No special treatment for Banks acquiring shares in Kenya Airways

 

Kenya Airways aircraft at the Jomo Kenyatta International Airport.

The lenders tied to troubled institutions such as Kenya Airways and Nakumatt will not get special treatment, according to the central bank.

Central Bank of Kenya (CBK) Governor Patrick Njoroge has said that while the regulator supports negotiations, the banks will have to classify their loans accordingly and ensure that their equity position in these institutions is not valued more than a quarter of their core capital.

“The plan to convert debt into equity is okay. However, the equity interest should not breach the maximum threshold... it cannot exceed 25 per cent of their core capital,” explained Dr Njoroge.

The two institutions owe banks Sh31 billion, which is at potential risk of default if they do not agree on a deal that can ease the strain on the banks’ books. “Lending has to be correctly classified. We are not offering any forbearance in this regard,” he said.

The CBK caution comes as reports indicate that some banks are reluctant to take up an equity position in Kenya Airways under a proposed elaborate financial restructuring plan to return the carrier to profitability.

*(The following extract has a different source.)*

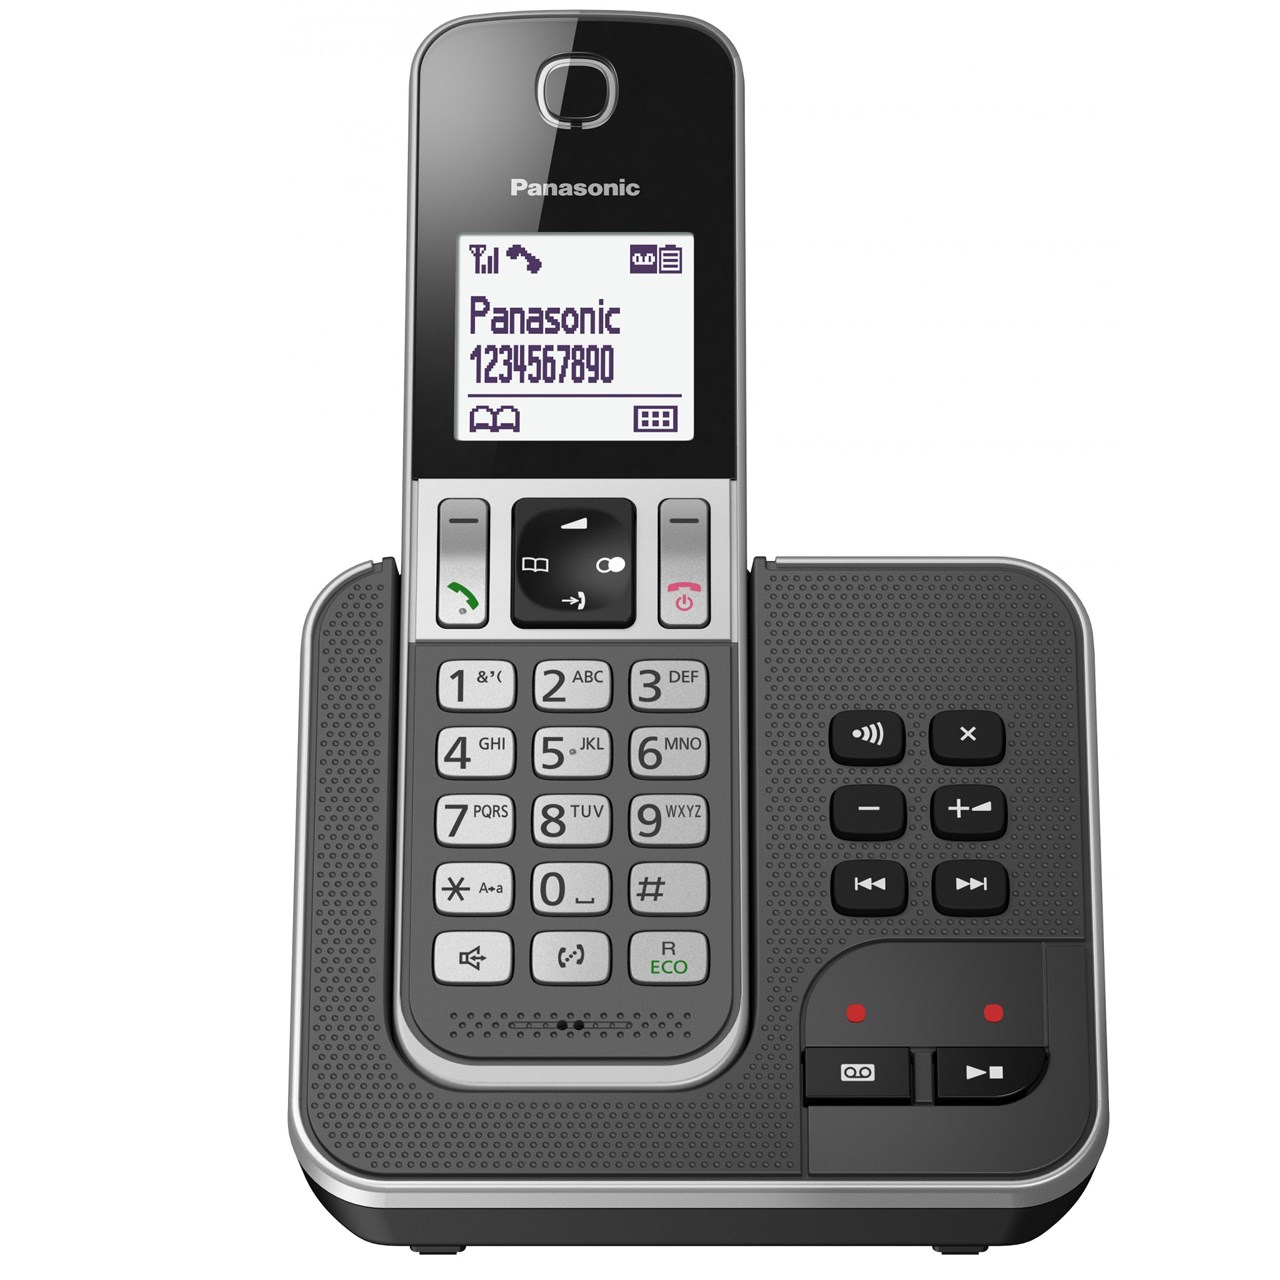 نکته خرید - قیمت روز تلفن بی سیم پاناسونیک مدل KX-TGD320 خرید

The 11 lenders are reported to have formed a special purpose vehicle — the KQ Lenders Company Limited — through which they will own 35.7 per cent of the national carrier

The banks, which include Kenya Commercial Bank (KCB Group), Commercial Bank of Africa, Cooperative Bank, Jamii Bora, I&M Bank, NIC Bank and Ecobank, Chase Bank, National Bank, and Diamond Trust Bank will own shares in the troubled carrier.

A clause in the terms of restructuring the airline’s debt states that if the debtors do not take up equity, then Kenya Airways will seek protection from the companies law, making it difficult for the banks to recover the Sh23 billion they loaned to the airline. KQ is also seeking the approval of most of its creditors (75 per cent), which would be used to compel the rest of the creditors to consider the recovery plan that had been agreed upon.

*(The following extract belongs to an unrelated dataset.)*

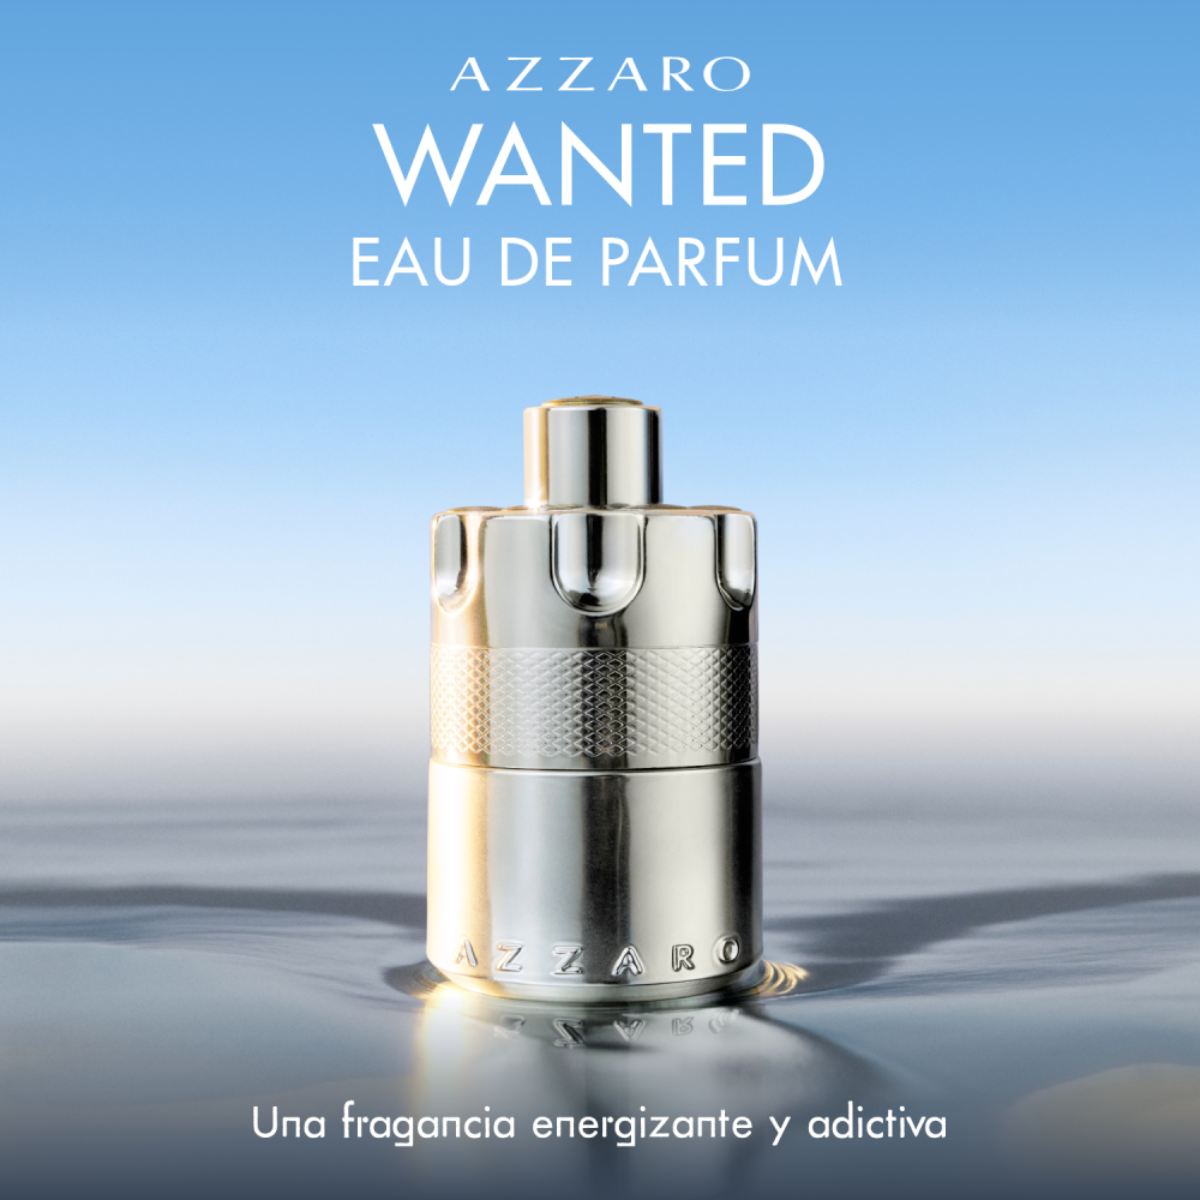 Wanted Eau de Parfum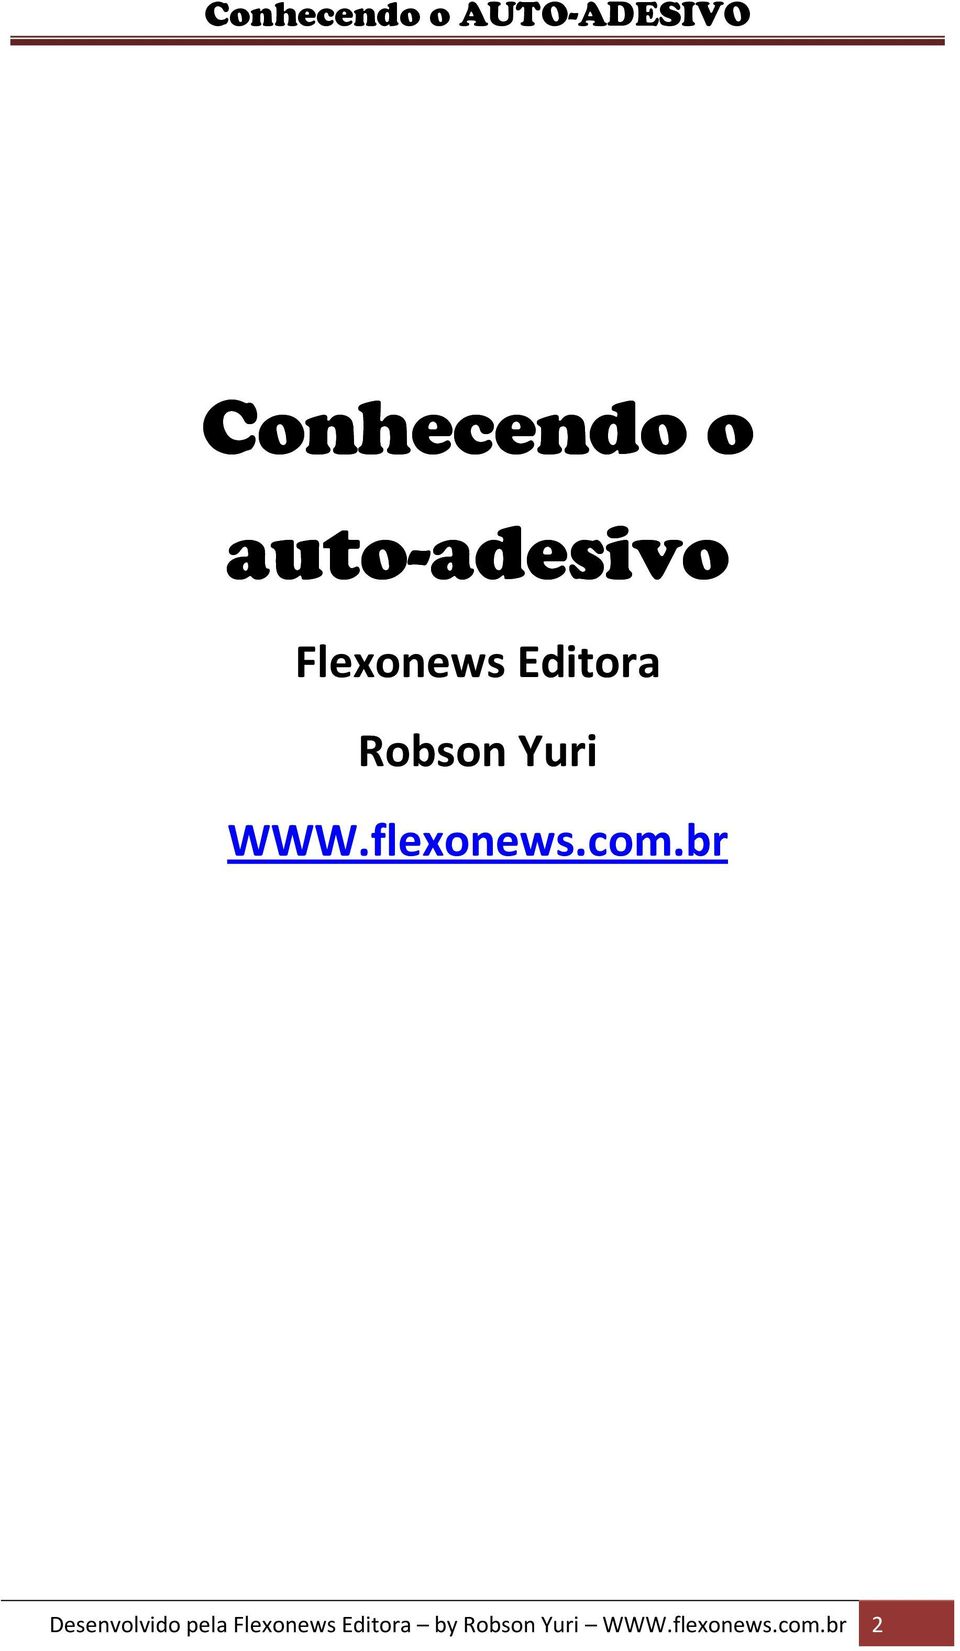 flexonews.com.

“To the extent unanimous consent is not obtained from certain unsecured bank lenders, the company will implement that aspect of the transaction via a scheme of arrangement on the Companies Act,” Kenya Airways chairman Michael Joseph said in a notice.

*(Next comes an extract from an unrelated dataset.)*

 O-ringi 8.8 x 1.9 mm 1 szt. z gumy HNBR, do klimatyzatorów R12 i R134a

Under the Companies Act, the insolvency law of 2015 has the net effect of giving struggling companies another chance so that they can be settle their debts as they continue to operate.

The lenders will not even have time to consult with their shareholders as they take up the non-banking business.

“Bankers are like any of us... what do they know about aviation? However, what is important is that a solution is negotiated because if talks come down everybody loses. It is in their interest,” Dr Njoroge said. Kenya Airways borrowed unsecured short-term loans from the banks to meet its daily obligations, including payment of salaries, during its most turbulent times.